This post will discuss how you can setup your Keypad membrane with your raspberry pi. Keypad comes in different dimensions and they are ideal for applications that requires password authentication like security systems.

If you prefer watching videos or want to see it in action then please take a look below.

Prerequisites

I have installed the latest Raspberry Pi OS in my Raspberry Pi W Zero. If you haven’t done so then please follow along with this post where I setup my unit in headless mode without any external keyboard or monitors attached.

The following components or materials are needed to follow along with this post.

  • Raspberry Pi ( I used Raspberry Pi Zero W)
  • 4X4 Keypad Membranes
  • Breadboard
  • Connecting Wires

Components

Keypad Membrane

4X4 Keypad Membrane

Membrane keypads comes in different dimensions such as a 4×3 or 4×4 (e.g number of rows X number of columns). The pinouts above shows a 4×4 keypad membrane with the first 4 pins allotted to its rows and the next 4 to the columns. They are arranged in a matrix like manner to limit the number of pins and uses a membrane switch under the hood.

You don’t need external power to connect to this component as any microcontroller GPIO could sufficiently drive this component.

How do we read the Keypad input with our Raspberry pi?

Keypad Sample Electronics

The image above will show the logic on how we are going to read our keypad keypress. As I have mentioned, the membrane switches are arranged in a matrix manner.

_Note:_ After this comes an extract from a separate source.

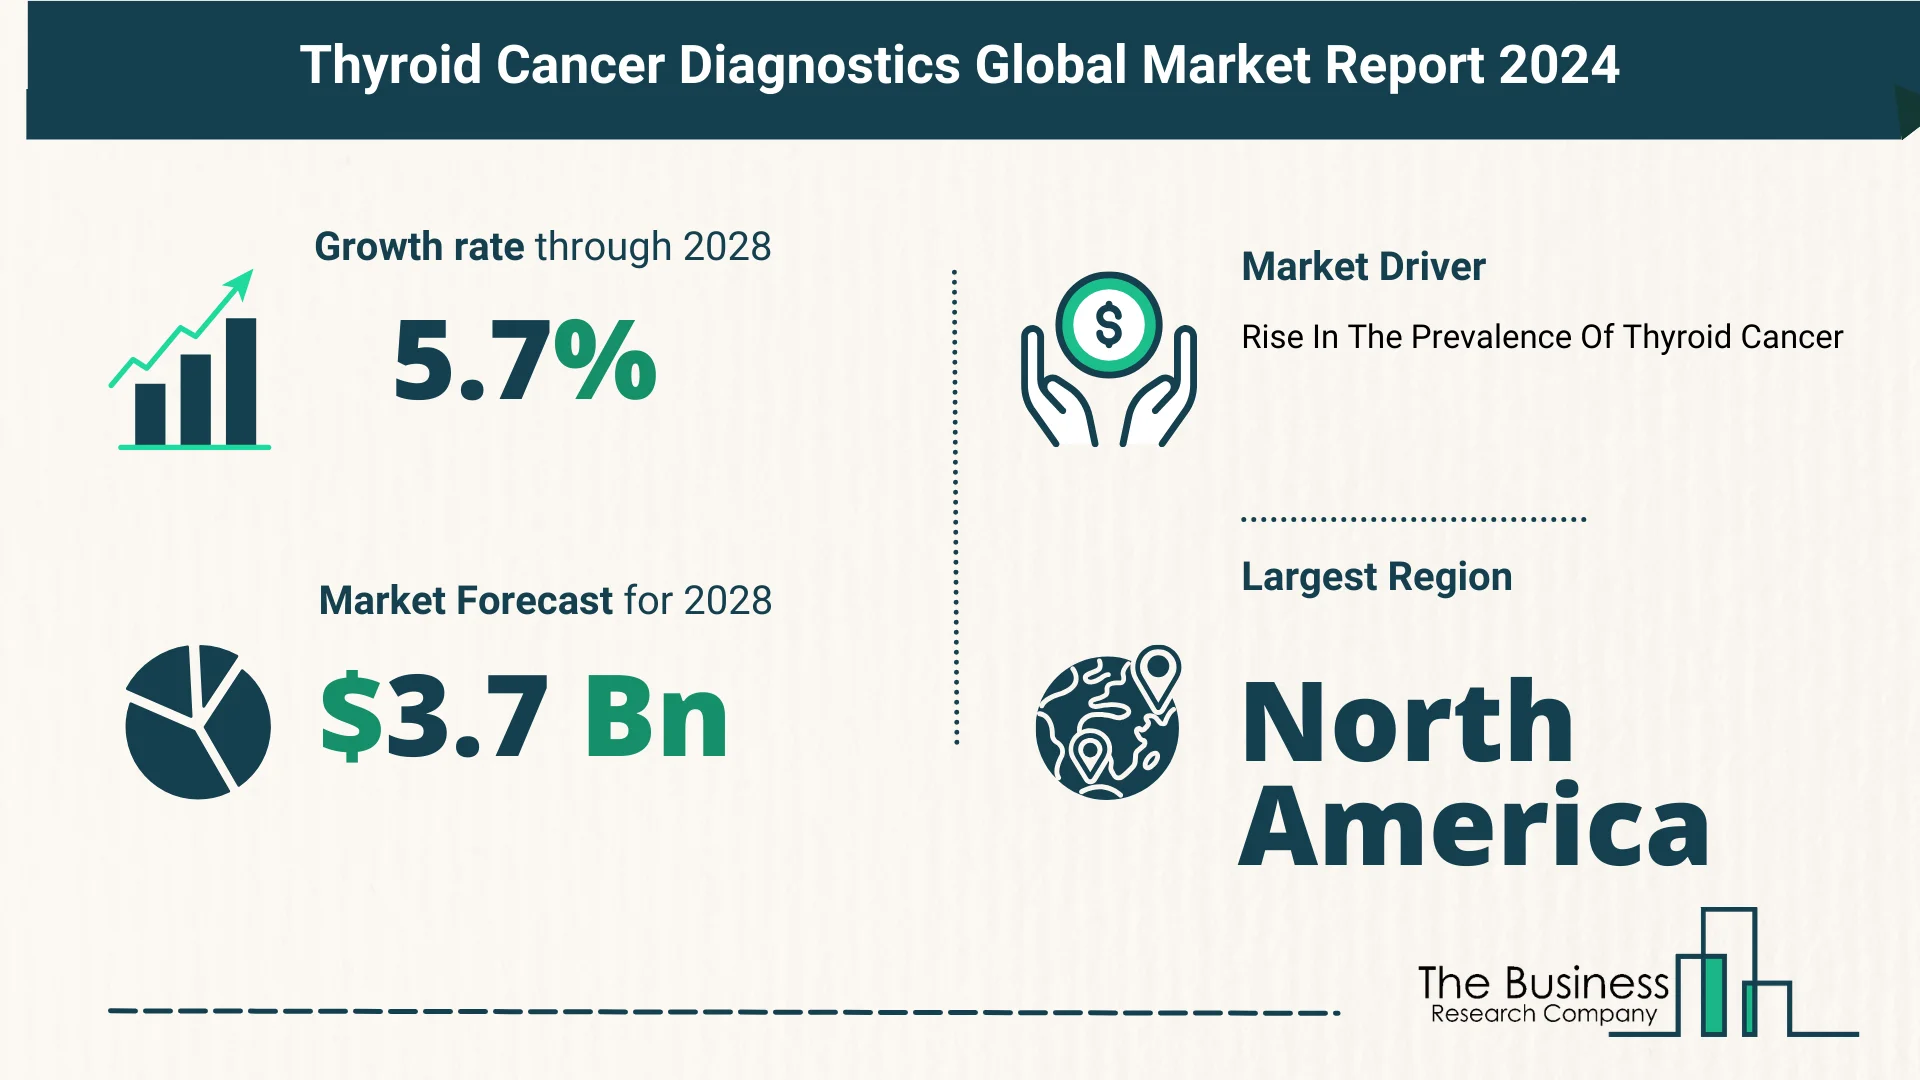 5 Takeaways From The Thyroid Cancer Diagnostics Market Overview 2024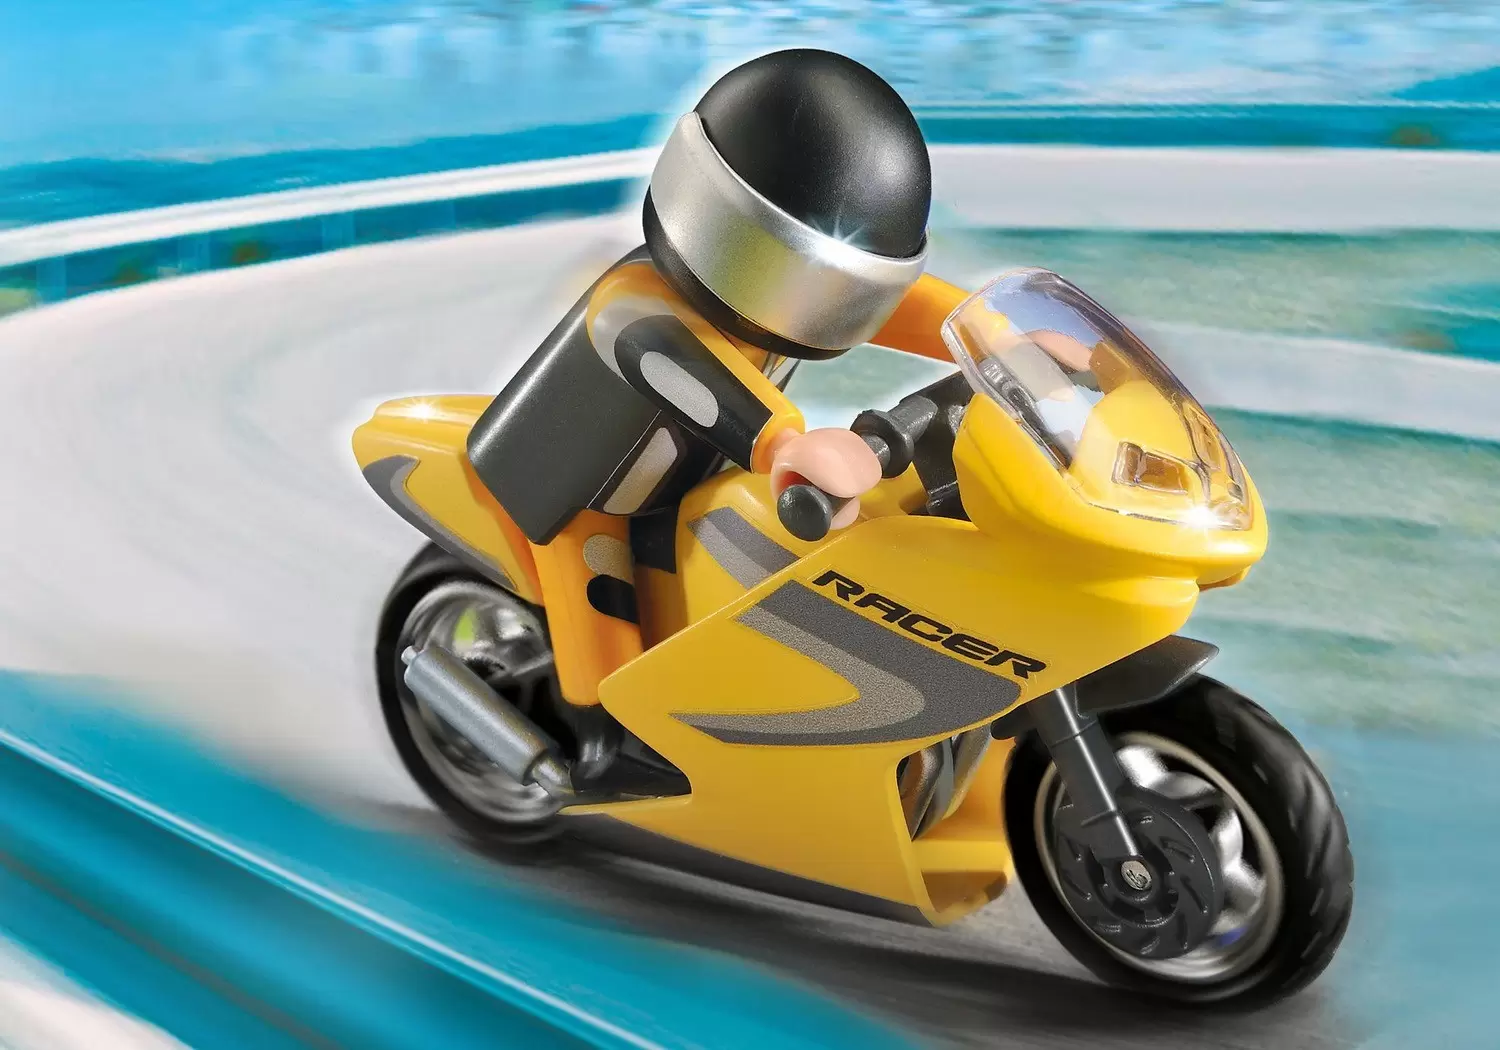 Playmobil Motor Sports - Super Racer Motorcycle with Rider

  • The columns (C1, C2, C3, C4) are pulled up HIGH by default when no keypress is initiated.
  • For each row (R1,R2,R3,R4), we send a pulse of LOW like connecting it to GND pin. We then check each switch in each column to verify if anything has been pulled low.
  • In the case above, if the key “1” was pressed then the column (C1) is like being “shorted” to the ground causing a read value of “LOW”. Then it proceeds to the next column until the end.
  • Then we pulse the next Row and check each columns until the end which is R4 in this case.
  • After looping each row, we reset it back to High.

Kindly note of these things in the diagram.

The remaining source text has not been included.